• WORK TASK:
Return the data that follows exactly as it appears. Pictures do not belong in the copy.

• DATA:
= Beginning of Section =

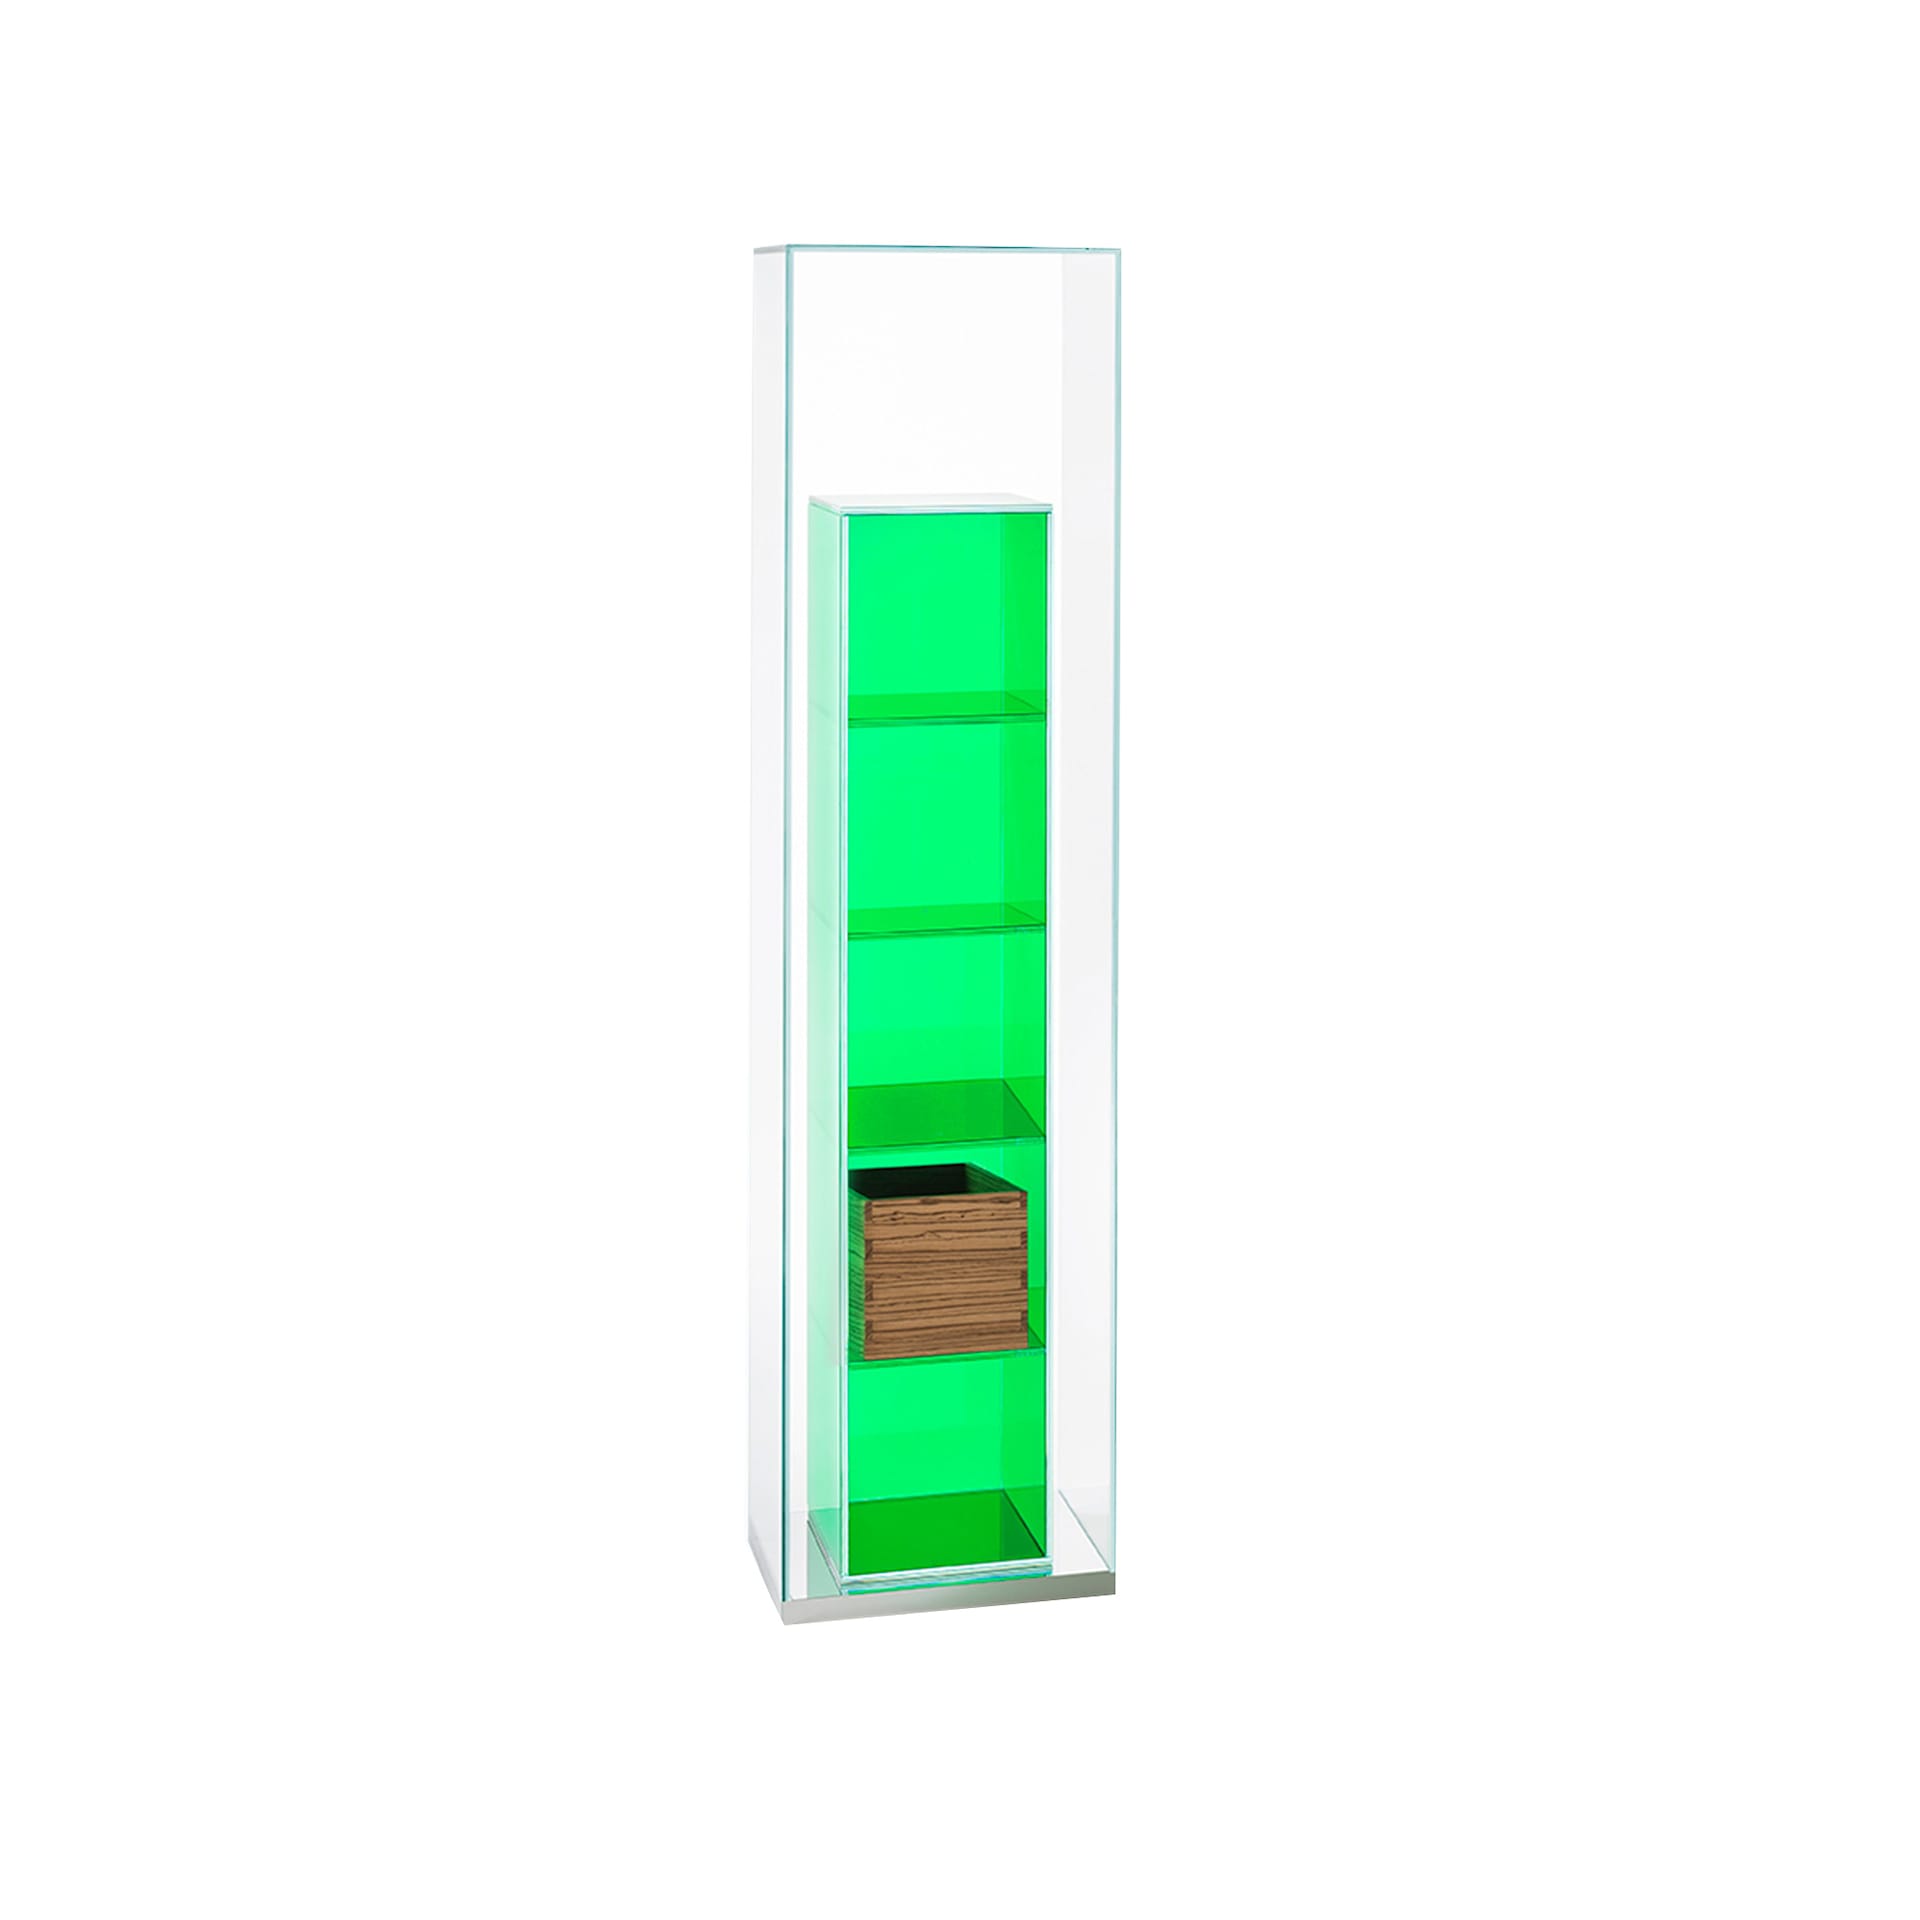 BOXINBOX Container - Glas Italia - Philippe Starck - NO GA
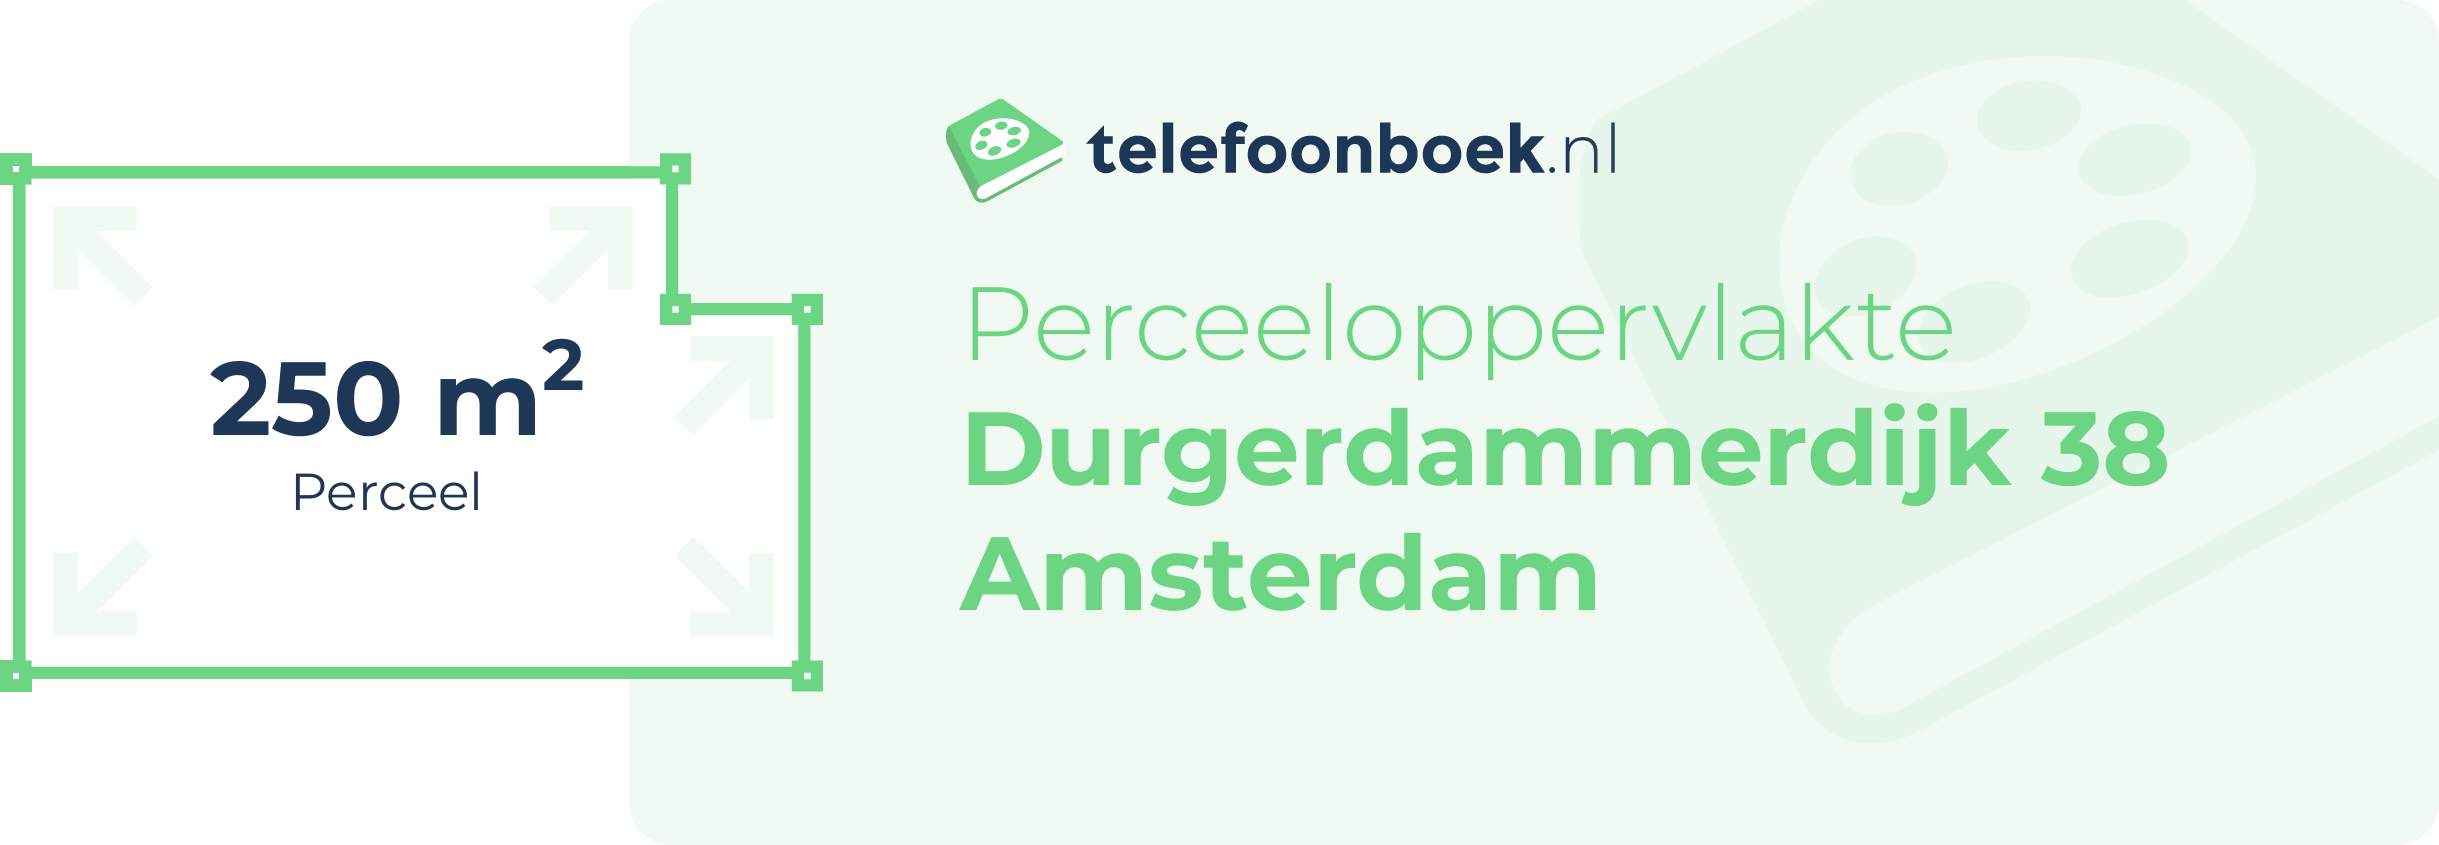 Perceeloppervlakte Durgerdammerdijk 38 Amsterdam
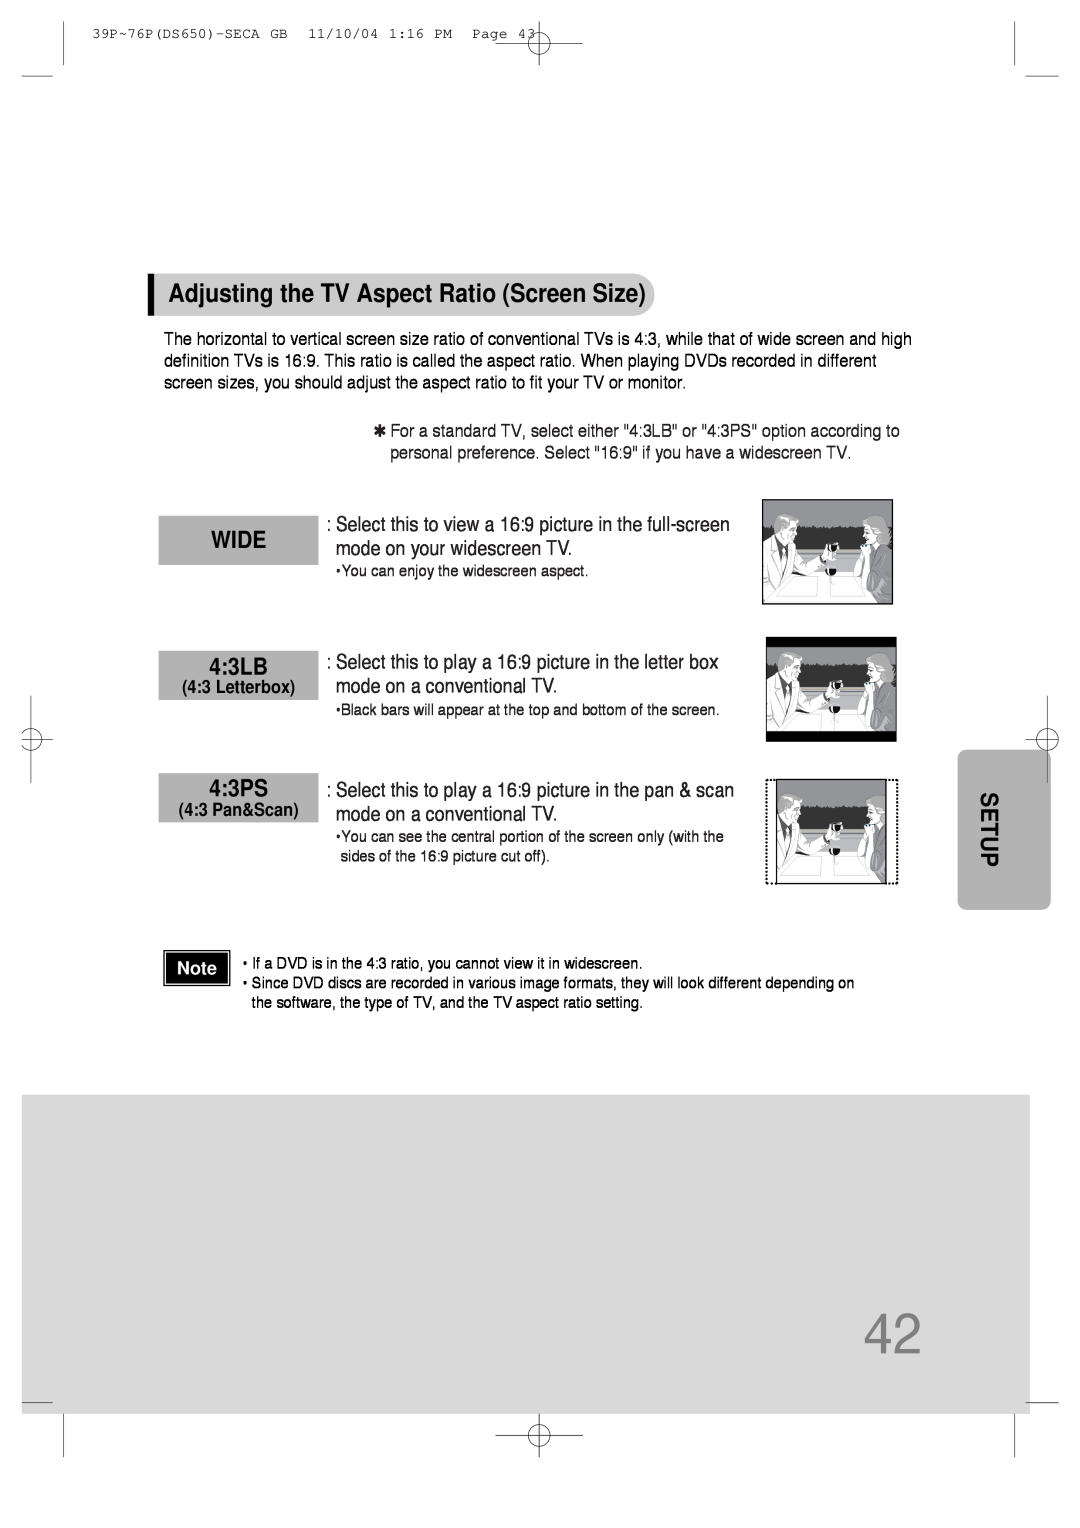 Samsung HT-DS650 instruction manual Adjusting the TV Aspect Ratio Screen Size, WIDE 4:3LB, 4:3PS, Setup 
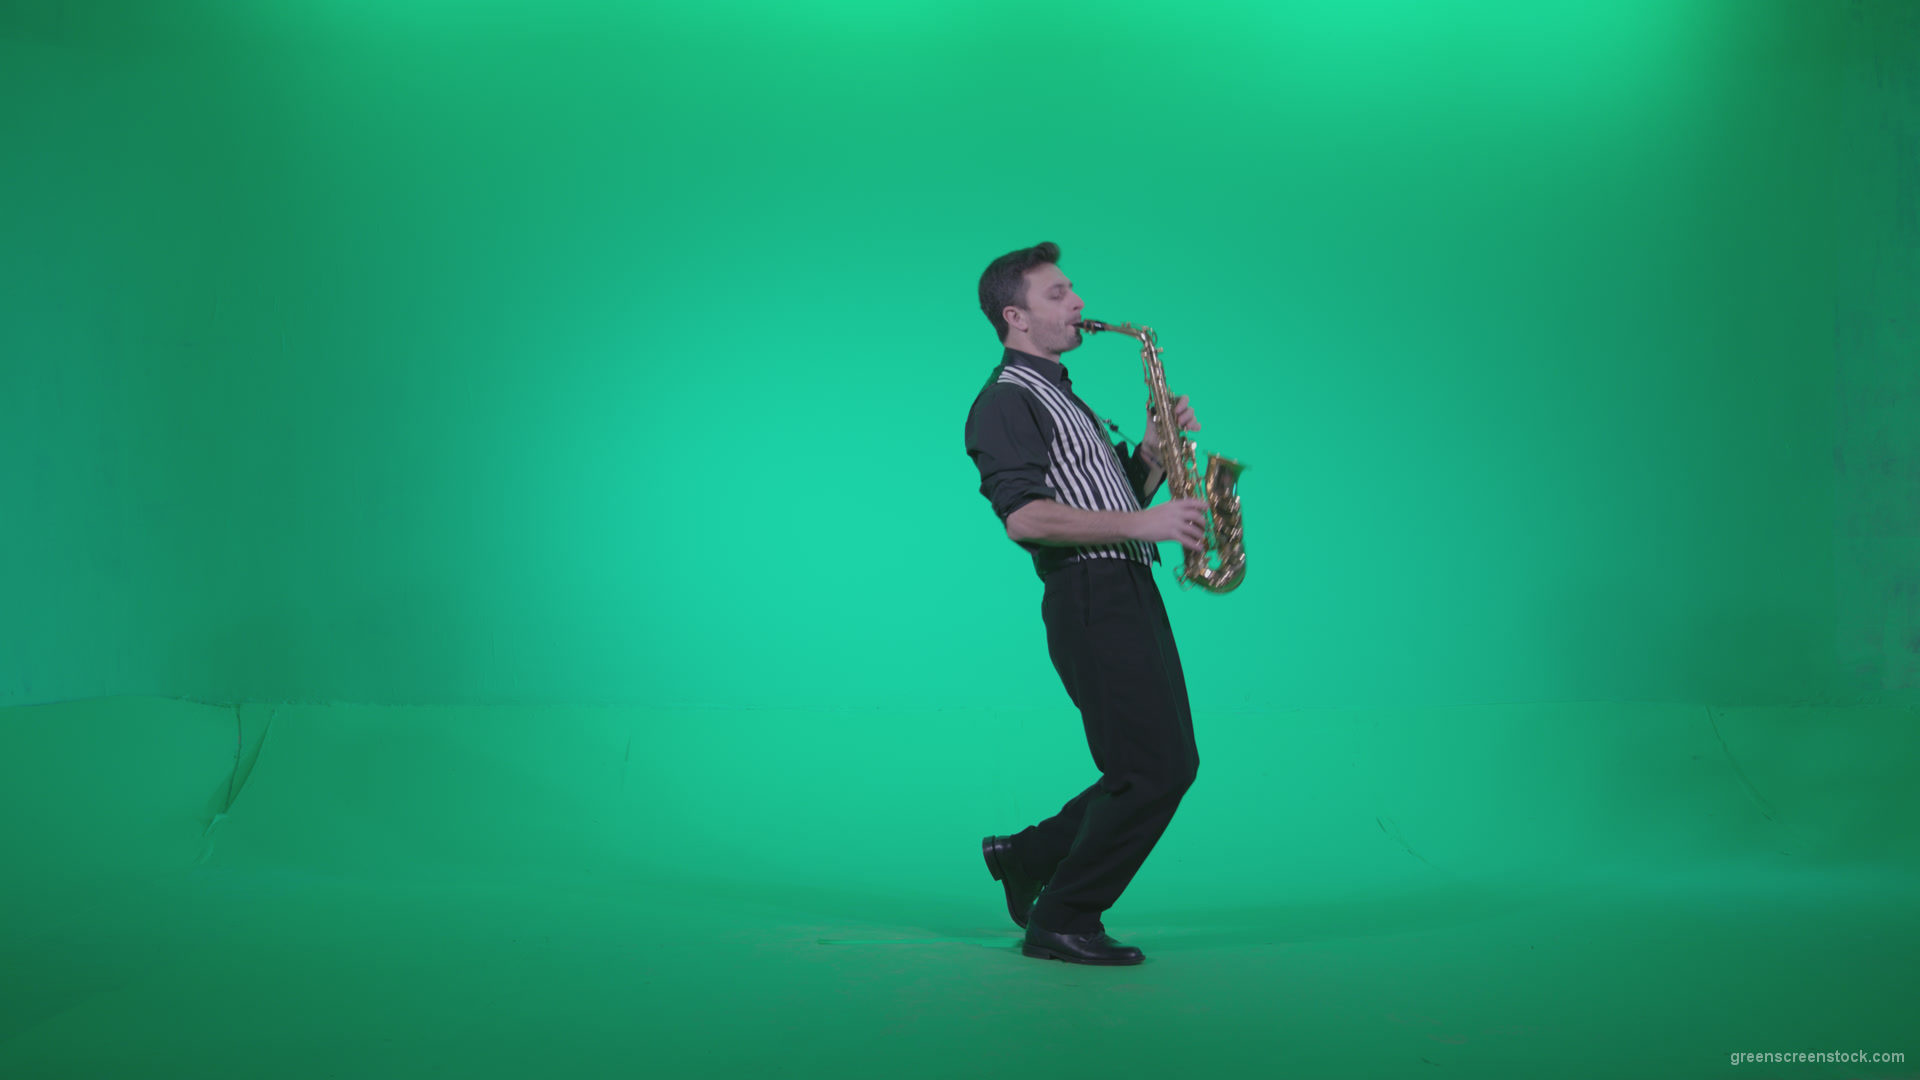 Saxophone-Virtuoso-Performer-s9-Green-Screen-Video-Footage_008 Green Screen Stock

= End of Section =

• EXPECTED OUTPUT:
 BOXINBOX Container - Glas Italia - Philippe Starck - NO GA
 Perceeloppervlakte Durgerdammerdijk 38 Amsterdam
 Samsung HT-DS650 instruction manual Adjusting the TV Aspect Ratio Screen Size, WIDE 4:3LB, 4:3PS, Setup 
 Saxophone-Virtuoso-Performer-s9-Green-Screen-Video-Footage_008 Green Screen Stock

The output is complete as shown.